SparseCoop: Cooperative Perception with Kinematic-Grounded Queries
Jiahao Wang, Zhongwei Jiang, Wenchao Sun, Jiaru Zhong, Haibao Yu, Yuner Zhang, Chenyang Lu, Chuang Zhang, Lei He, Shaobing Xu, Jianqiang Wang
TL;DR
SparseCoop presents a fully sparse cooperative perception framework that removes dense BEV features and relies on kinematic-grounded queries (KGQ) for precise spatio-temporal alignment across asynchronous viewpoints.The method introduces a coarse-to-fine aggregation pipeline and a cooperative instance denoising task to stabilize training and improve fusion among ego and cooperative agents.Across V2X-Seq and Griffin benchmarks, SparseCoop achieves state-of-the-art detection and tracking performance with significantly lower transmission costs and robust latency tolerance, demonstrating practical viability for real-world cooperative perception.Key innovations include the explicit 11D state in KGQ, a Geo-Appearance Matching strategy for cross-agent pairing, and an attention-based refinement framework grounded in ego-vehicle imagery.
Abstract
Cooperative perception is critical for autonomous driving, overcoming the inherent limitations of a single vehicle, such as occlusions and constrained fields-of-view.
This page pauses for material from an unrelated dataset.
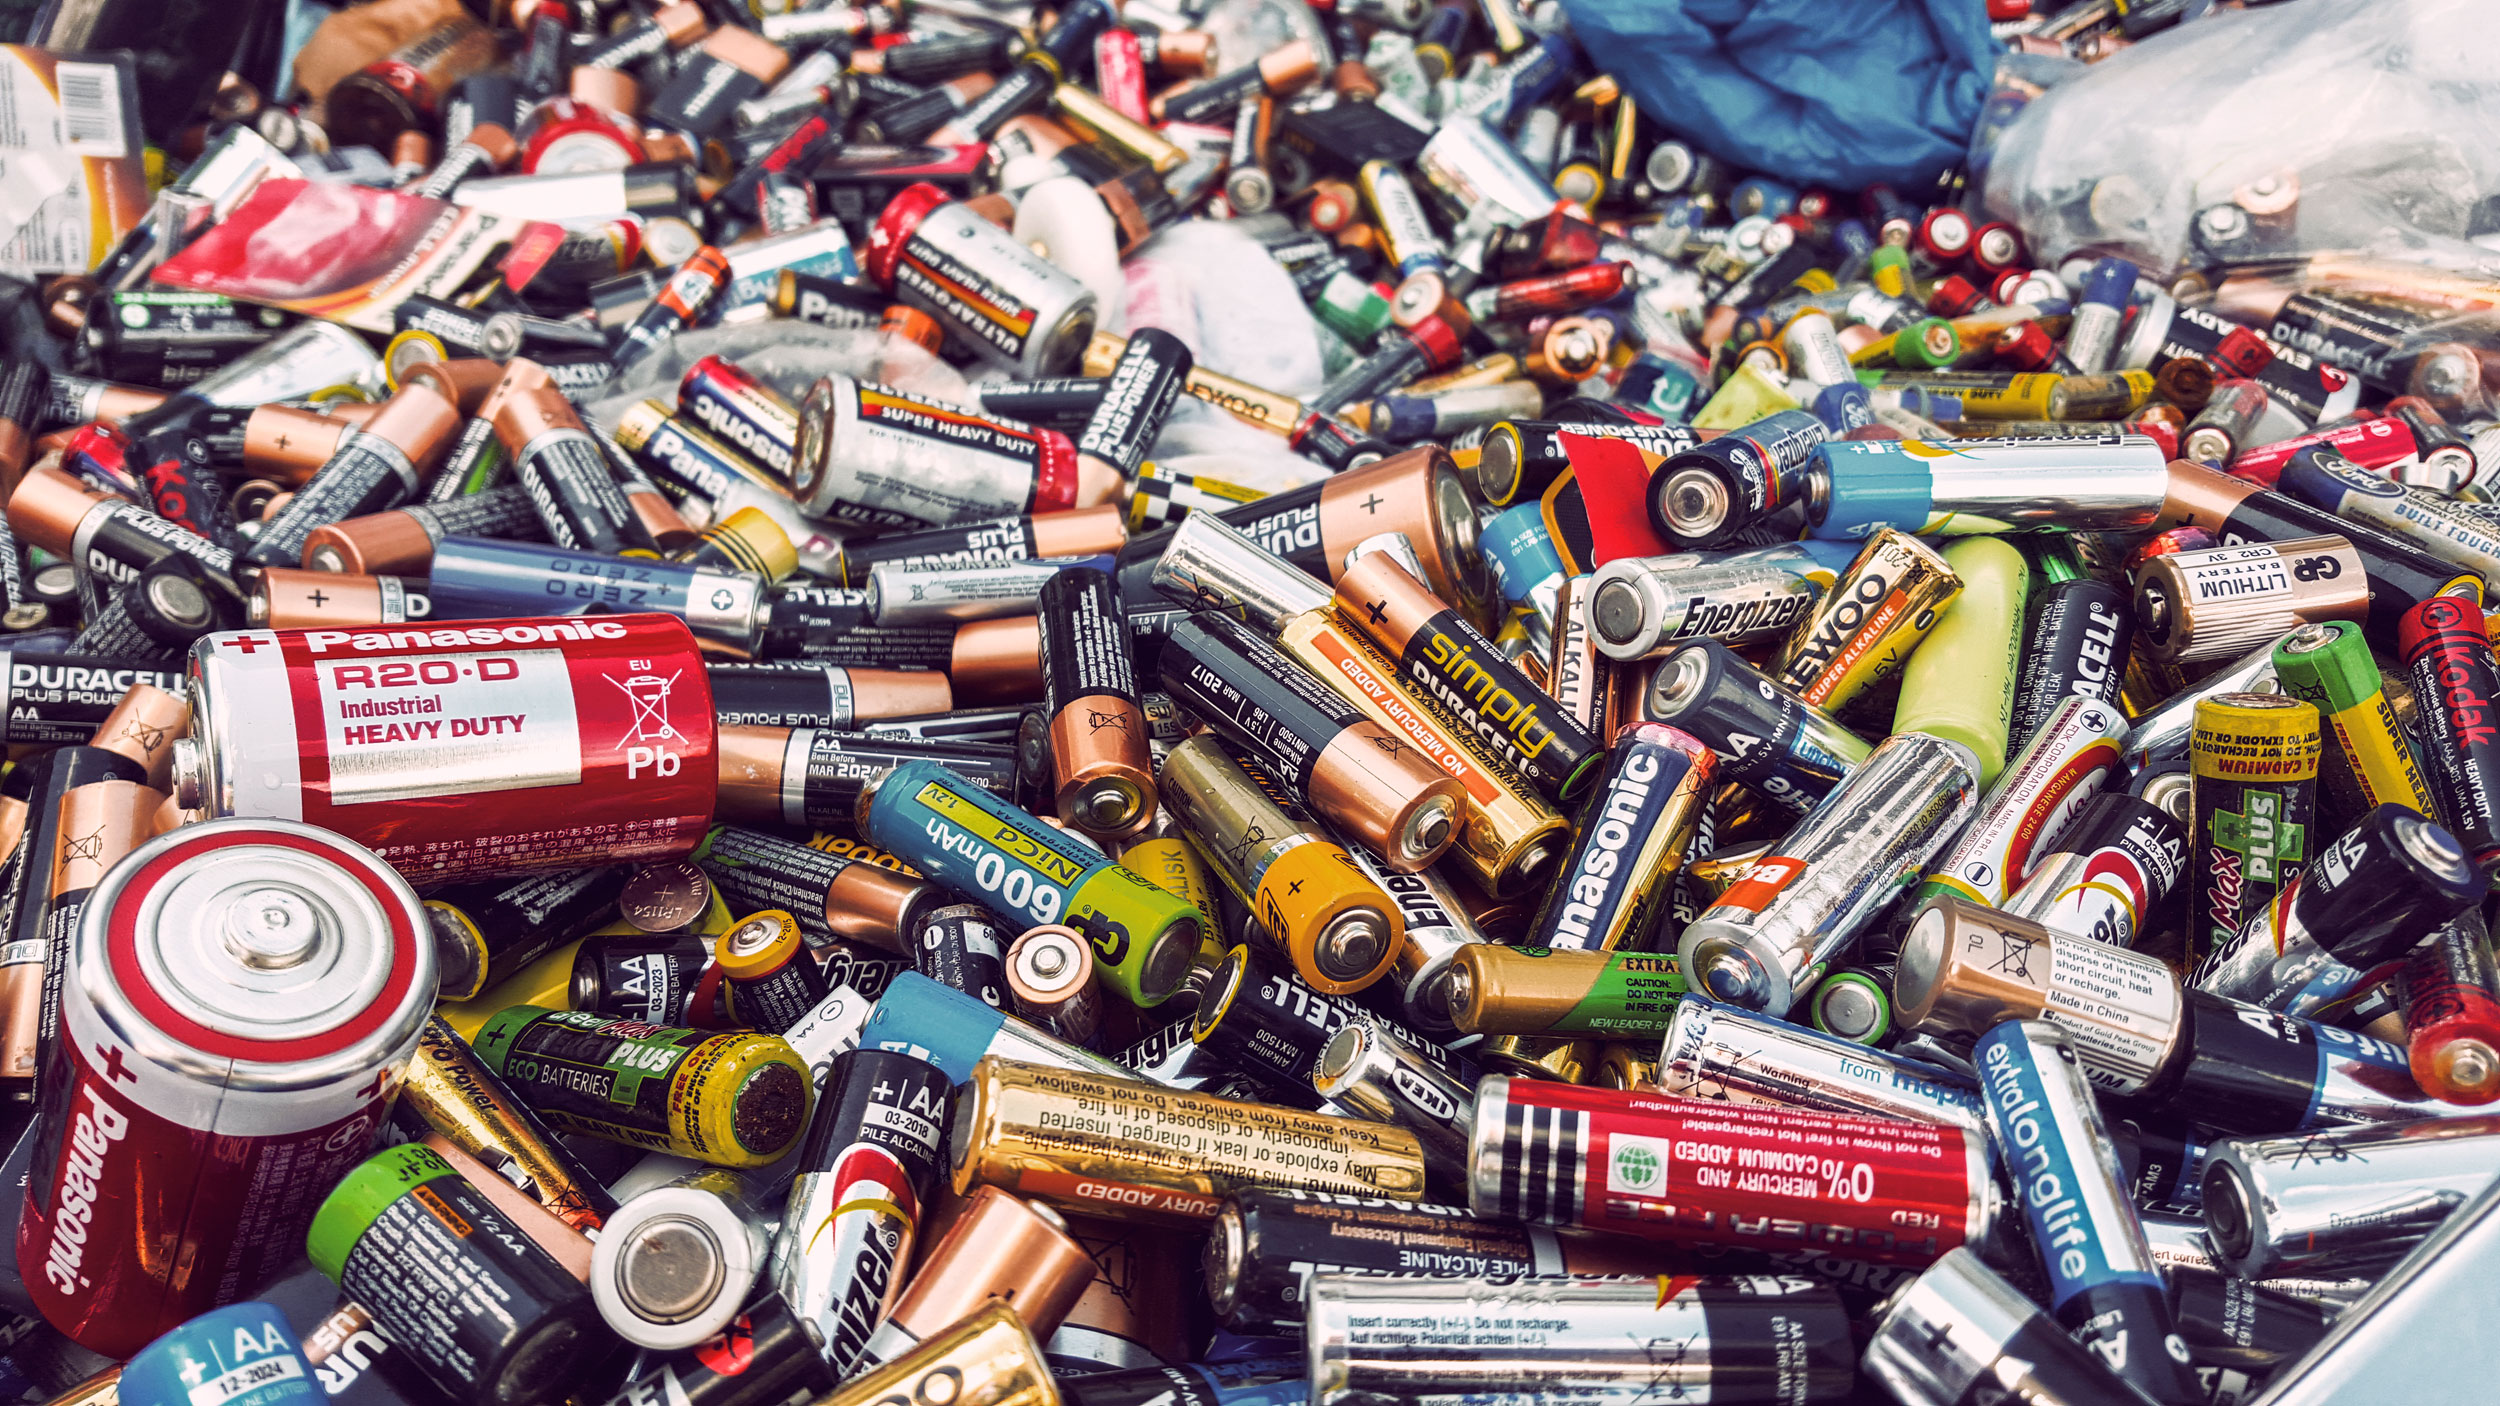 img-erp-org-old-batteries-to-recycling-578663071

However, current approaches sharing dense Bird's-Eye-View (BEV) features are constrained by quadratically-scaling communication costs and the lack of flexibility and interpretability for precise alignment across asynchronous or disparate viewpoints. While emerging sparse query-based methods offer an alternative, they often suffer from inadequate geometric representations, suboptimal fusion strategies, and training instability. In this paper, we propose SparseCoop, a fully sparse cooperative perception framework for 3D detection and tracking that completely discards intermediate BEV representations. Our framework features a trio of innovations: a kinematic-grounded instance query that uses an explicit state vector with 3D geometry and velocity for precise spatio-temporal alignment; a coarse-to-fine aggregation module for robust fusion; and a cooperative instance denoising task to accelerate and stabilize training. Experiments on V2X-Seq and Griffin datasets show SparseCoop achieves state-of-the-art performance. Notably, it delivers this with superior computational efficiency, low transmission cost, and strong robustness to communication latency. Code is available at https://github.com/wang-jh18-SVM/SparseCoop.